Bathe your weimaraner regularly (every 2-4 months). During a bath, use a conditioner that will moisturize the dog’s skin and help to loosen the fur. This will make it easier to remove loose hair during brushing.

Take your dog outside for short playtimes throughout the day. Even though weimaraners are indoor dogs, they need some time outside of their crat each day so that they can get rid of excess energy and reduce shedding levels at home.

Examine your weim’s ears regularly. If you notice a foul odor or see a dark brown wax-like material, take them to the vet. These could be signs of ear infections, which can lead to increased shedding levels.

Always keep your weim’s nails trimmed.
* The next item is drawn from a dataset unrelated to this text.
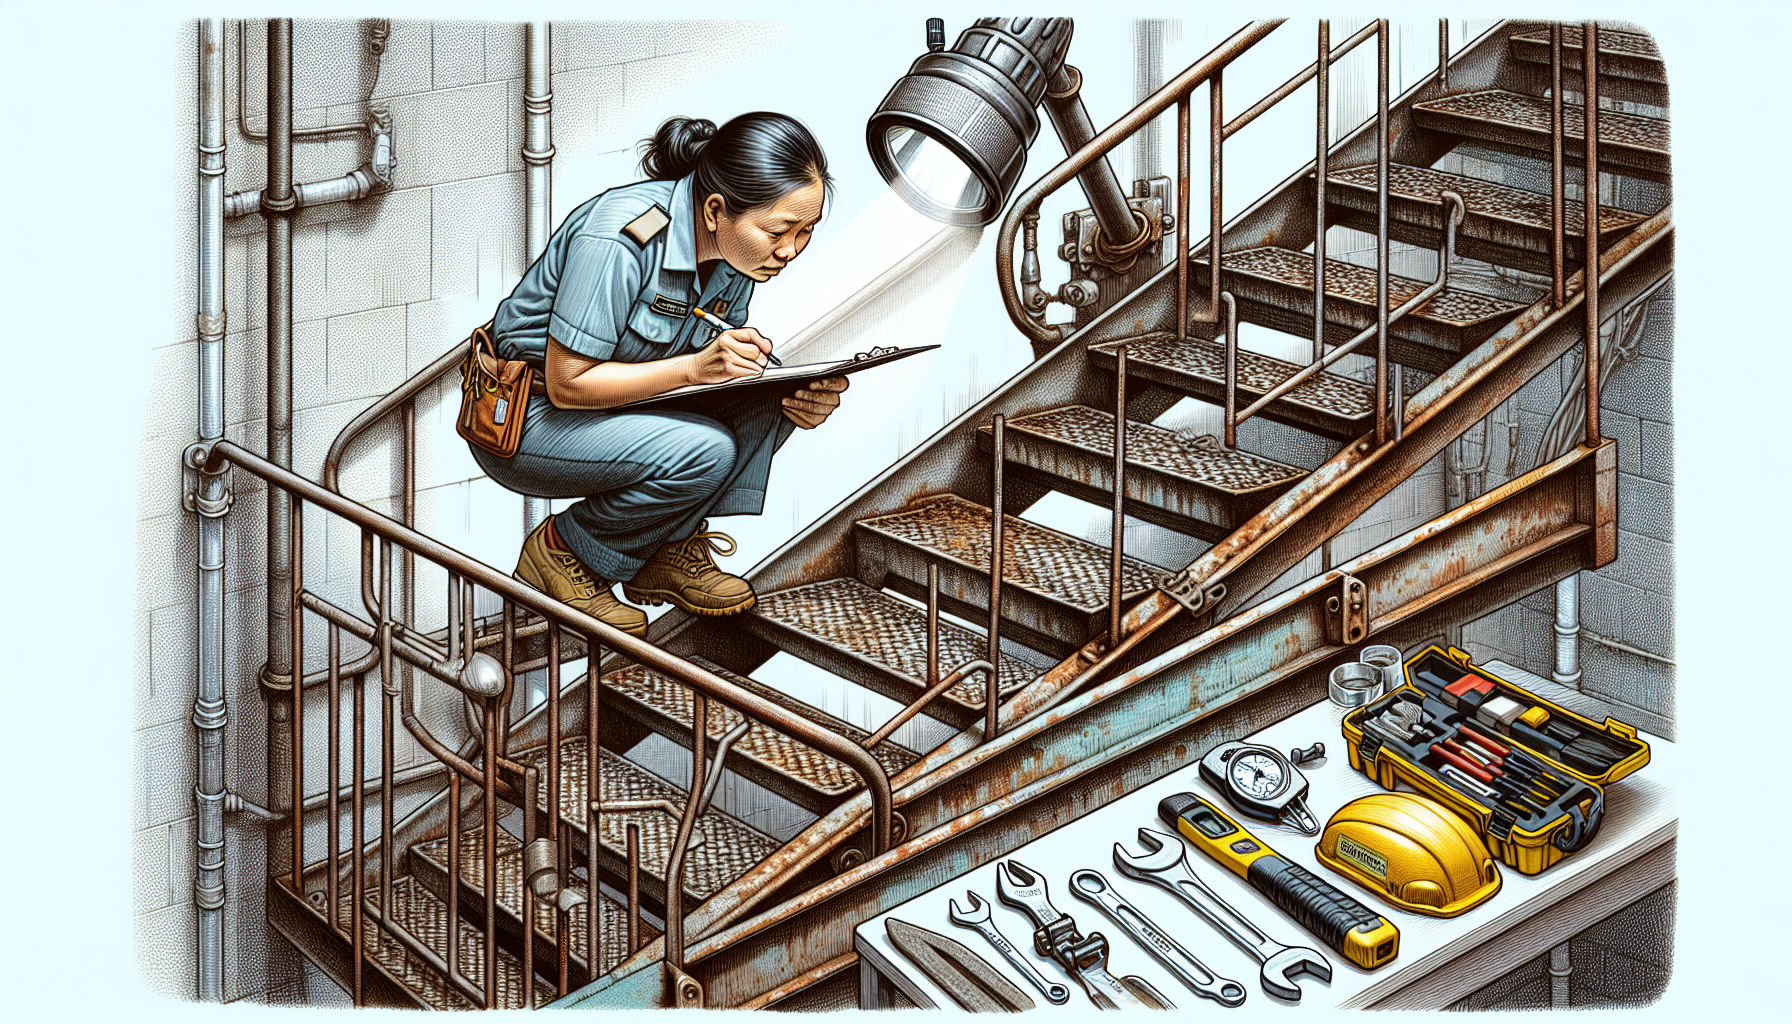 Illustration of a fire escape inspection in progress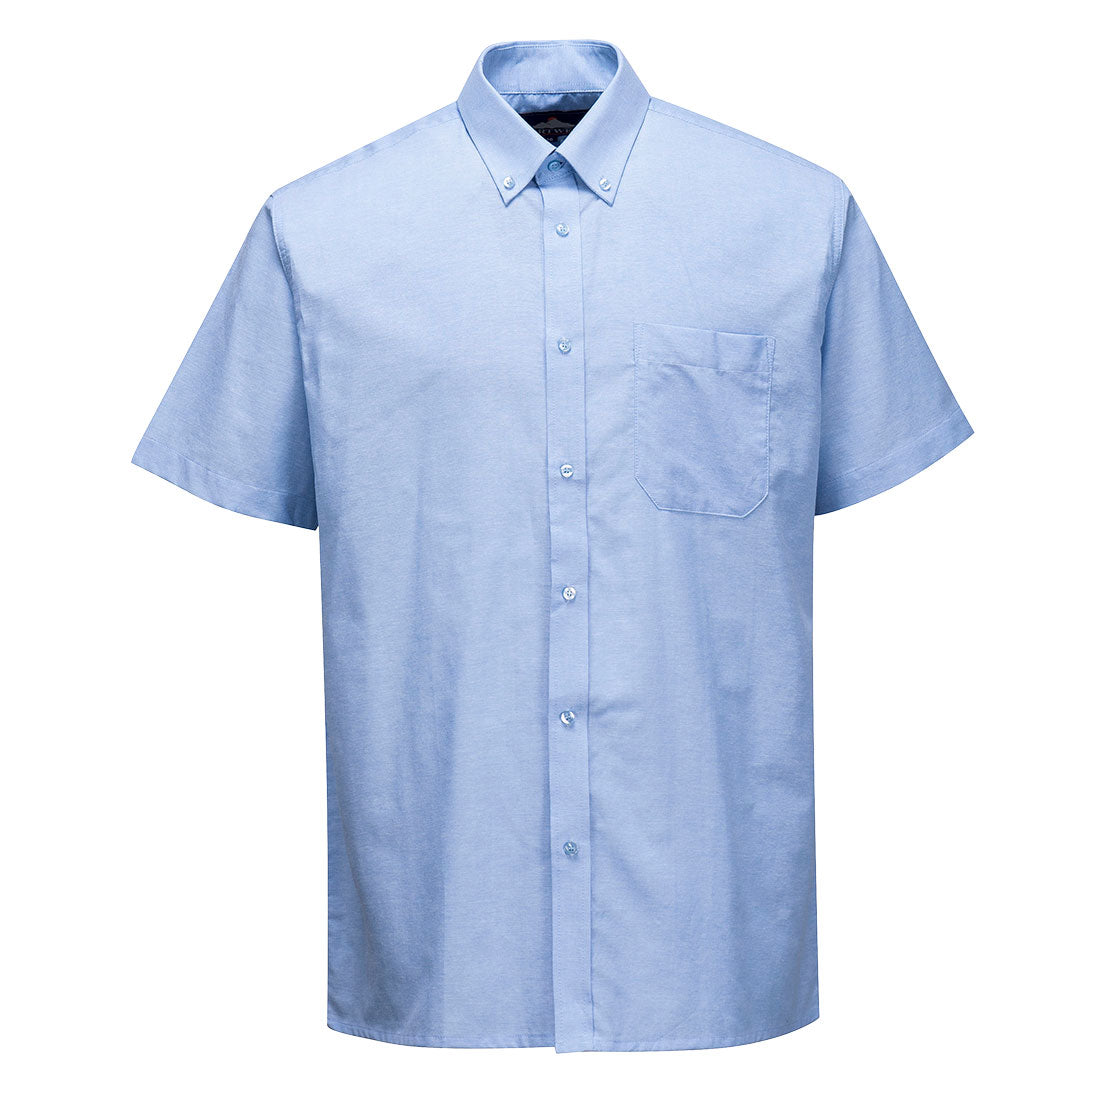 Portwest Easycare Oxford Shirt, Short Sleeves

Long nails will contribute to excessive shedding and may cause injuries to your dog, such as cracked pads and torn ear tips.

Groom your weim regularly (every 3-5 months). This will not necessarily decrease shedding levels, but it will keep their coat in tip-top shape. If you find that you’re noticing more hair in your home than usual, it’s time for a grooming session.

Also Read:

Weimaraner Life Expectancy: How Long Do They Live
Why Does My Dog Nibble On Me With His Front Teeth?

Tips To Keep Your Weimaraner Healthy

Tips to keep your Weimaraner healthy

In addition to reducing shedding, there are other things you should do for your dog in order to help them maintain good health.

Make sure that your weim gets daily exercise. These dogs were originally bred as hunting dogs, and even though they’re used more frequently as family pets these days, it’s important that they get regular opportunities to run around and burn off energy. Don’t overfeed your dog.

Obesity is a common problem among weimaraners. If you’re worried that your pet is at risk, ask your vet for a recommended diet plan. Keep their living space clean and free of allergens. Dogs spend most of their time inside with us, so it’s important to eliminate as many things that could cause allergic reactions as possible

Ear infections are common among weimaraners, so it’s important that you clean your dog’s ears on a regular basis. If you notice any wax or debris in your dog’s ear canal, remove it with a cotton ball and hydrogen peroxide.


Every animal is different, and not all of them will experience the same shedding levels. However, with good care and regular attention to your weimaraner’s needs (daily brushing, baths on a regular basis, etc.), you can decrease their chances for allergies in your home.

So I hope you have a better understanding of weimaraner’s shedding and the care they need.